Platte River State Park is a public recreation area encompassing 453 acre on the southern bluffs of the Platte River 2 mi west of Louisville, Nebraska. The state park has a relatively steep, rolling topography compared to the surrounding region, with much of it forested.

==History==
On August 13, 1982, the park was created from three formerly separate areas: Harriet Harding Campfire Girls Camp, Camp Esther K. Newman, and a woodland tract of 104 acre. Vintage cabins from the earlier campgrounds are still in use.

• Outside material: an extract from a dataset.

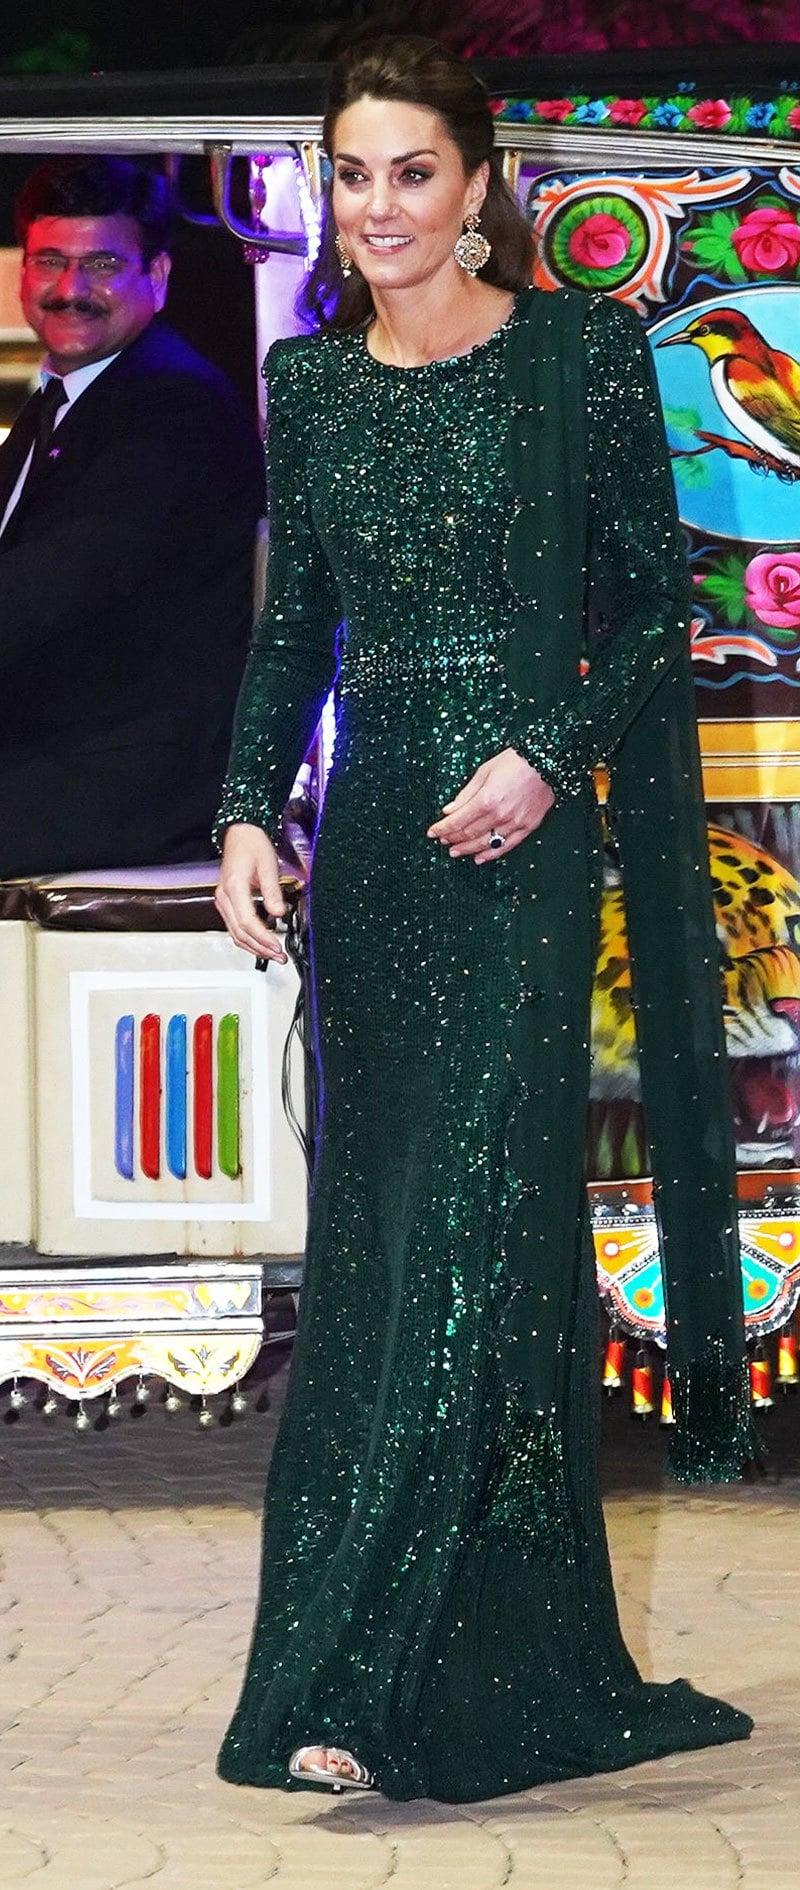 شہزادی مڈلٹن نے زیادہ تر پاکستان کے قومی پرچم کے رنگ سے مشابہہ رنگ کے لباس پہنے—فوٹو: ٹوئٹر

==Activities and amenities==
Two observation towers provide views of the Platte River Valley; the taller rises 85 ft above its base. The park has a spray park, tennis courts and 10 mi of hiking trails. Guided trail rides are offered in summer. Jenny Newman Lake provides fishing opportunities for those under 16 years of age and their adult supervisors. Paddleboats are offered for rent. The park has a visitor center, arts and crafts center, picnicking areas, ballfield, tent camping, tepees, and cabins. A rifle, trap, and archery shooting range is part of the Roger G. Sykes Outdoor Heritage Complex.

In 2016, the state announced a $34 million program to upgrade visitor experiences at four public recreation areas in the Platte River Valley. The improvements announced for Platte River State Park include the addition of new mountain biking and other trails and improved river access for canoers and kayakers.